Google’s generative AI-powered chatbot Bard is now rebranded as Gemini, the tech giant announced on Thursday.
The updated version of Bard will be called Gemini Advanced, which you can access using mobile apps on both Android and iOS.
The chatbot has been reconstructed, providing consumers and enterprises with the first multimodal generative AI platform in the industry that doesn’t rely solely on text to generate human-like responses.
Google is also set to release Gemini Ultra, the advanced tier for the underlying AI language model powering the chatbot.
Google Now Leads the GenAI Race, Says Expert
Gartner, Vice President analyst Chirag Dekate, described Gemini as “a really big deal”, pointing out that it is currently the only native multimodal generative AI model available.
When backed by a multimodal model, a single generative AI engine is capable of performing individual tasks with improved accuracy.

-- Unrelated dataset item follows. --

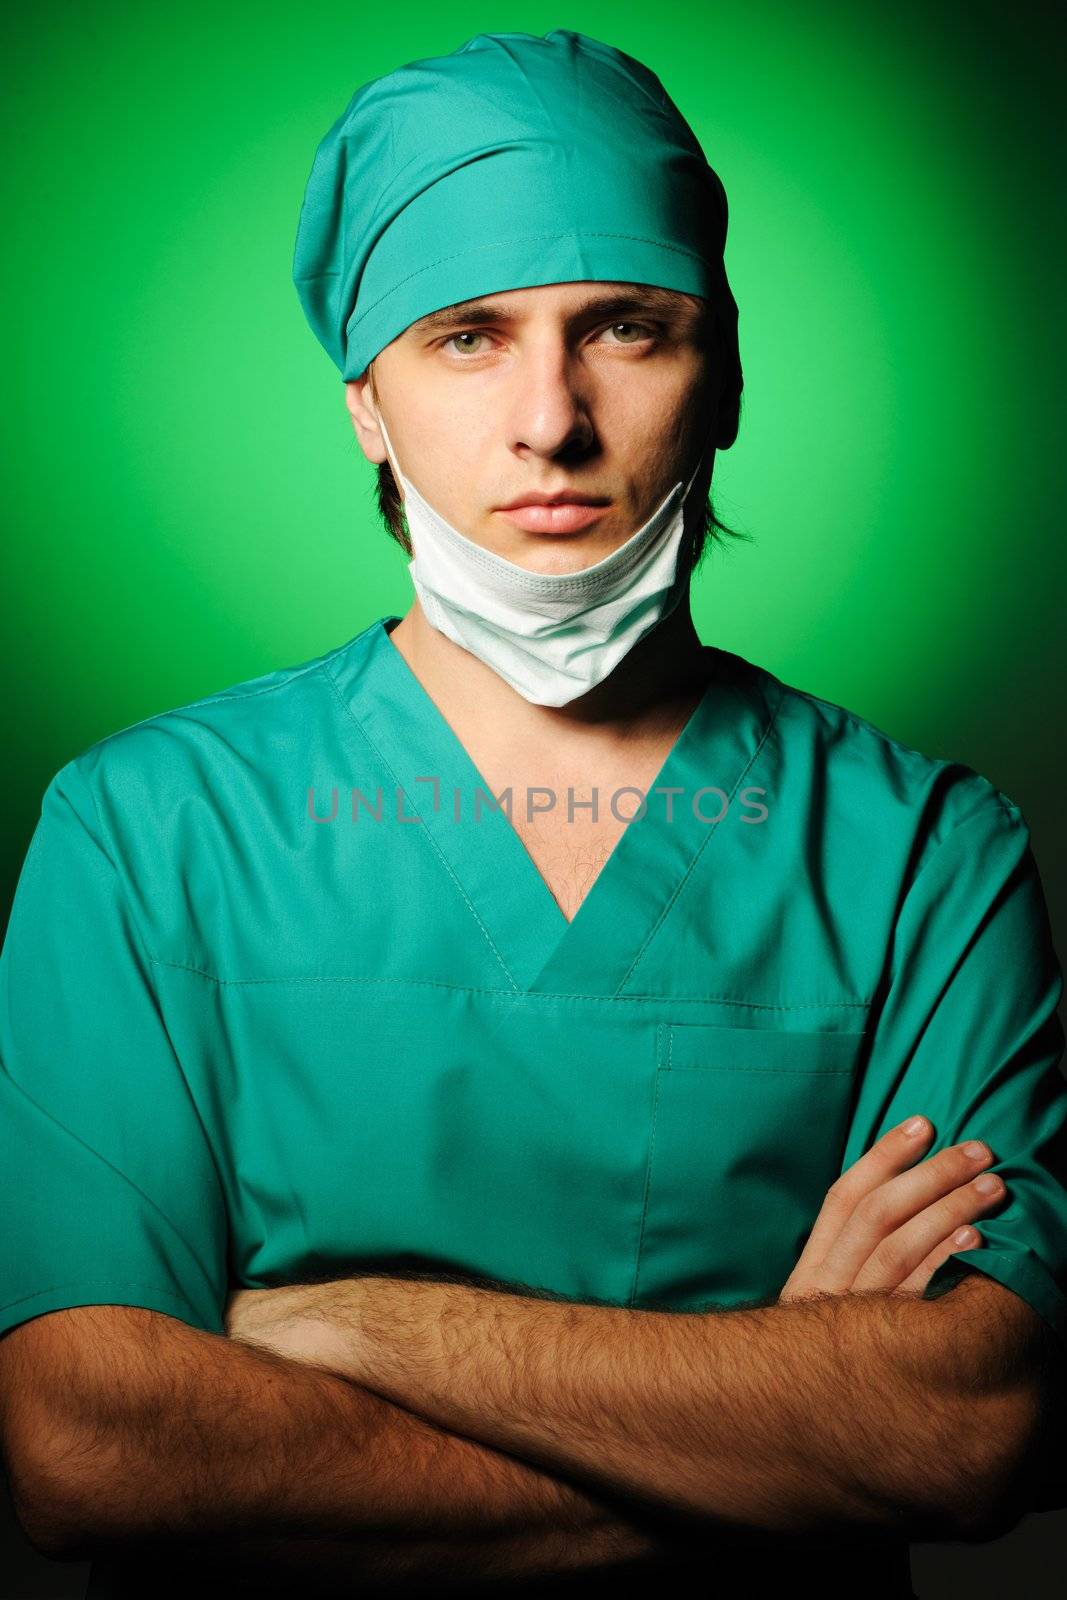 Surgeon with mask over green

This is because it allows the engine to learn from far more resources — something that has now put Google ahead of its rivals in the genAI race.
Google’s efforts to take the lead in the generative AI race received a major boost in December 2024, when the tech giant unveiled its Gemini AI model for the first time.
After OpenAI launched ChatGPT, Google rushed to launch Bard as a counterweight in February last year. However, OpenAI was still ahead of Google for a long time, with ChatGPT continuing to prove more powerful.
Microsoft’s Copilot AI, which is based on the same large language model (LLM) as ChatGPT, happens to be one of Bard’s staunchest rivals. However, Dekate believes that “Google is no longer playing catch-up. Now, it is the other way around”.
Google emphasized the model’s multimodal capabilities, which enable it to put together various types of information, such as text, code, images, audio, and video for inputs and outputs.
Other major AI engines such as Google’s own PaLM 2, OpenAI’s GPT, and Llama 2 from Meta are LLM-only, which means they can only be trained on text.
Dekate compared multimodality to watching a movie, which would include watching the video, listening to the audio, and reading text from the subtitles at the same time. LLM-only models, on the other hand, are more like experiencing a movie by only reading a script, he explained.
Gemini AI’s multimodality potentially creates a hyper-immersive and personalized experience. Dekate added that Google holds the potential to change the marketplace if it can allow enterprises and consumers to experience it.
While LLMs are good enough for simple text-to-text tasks, more diverse and complicated ones call for multimodal models.
For instance, a healthcare company can use a multimodal genAI engine to create a chatbot that can take inputs from MRI video scans, radiological images, and doctor’s audio snippets. This would significantly augment the accuracy of the prognoses and treatment outcomes.
2023 witnessed the emergence of task-specific AI models, such as text-to-text, text-to-image, text-to-video, image-to-text, and more.
Dennis Hassabis, CEO of Google’s Deepmind, highlighted the versatility of Gemini and how it fared excellently for various applications.
Around the time the training of Gemini AI was coming to an end, the Deepmind team working on it discovered that it already surpassed all other AI models on several major benchmarks.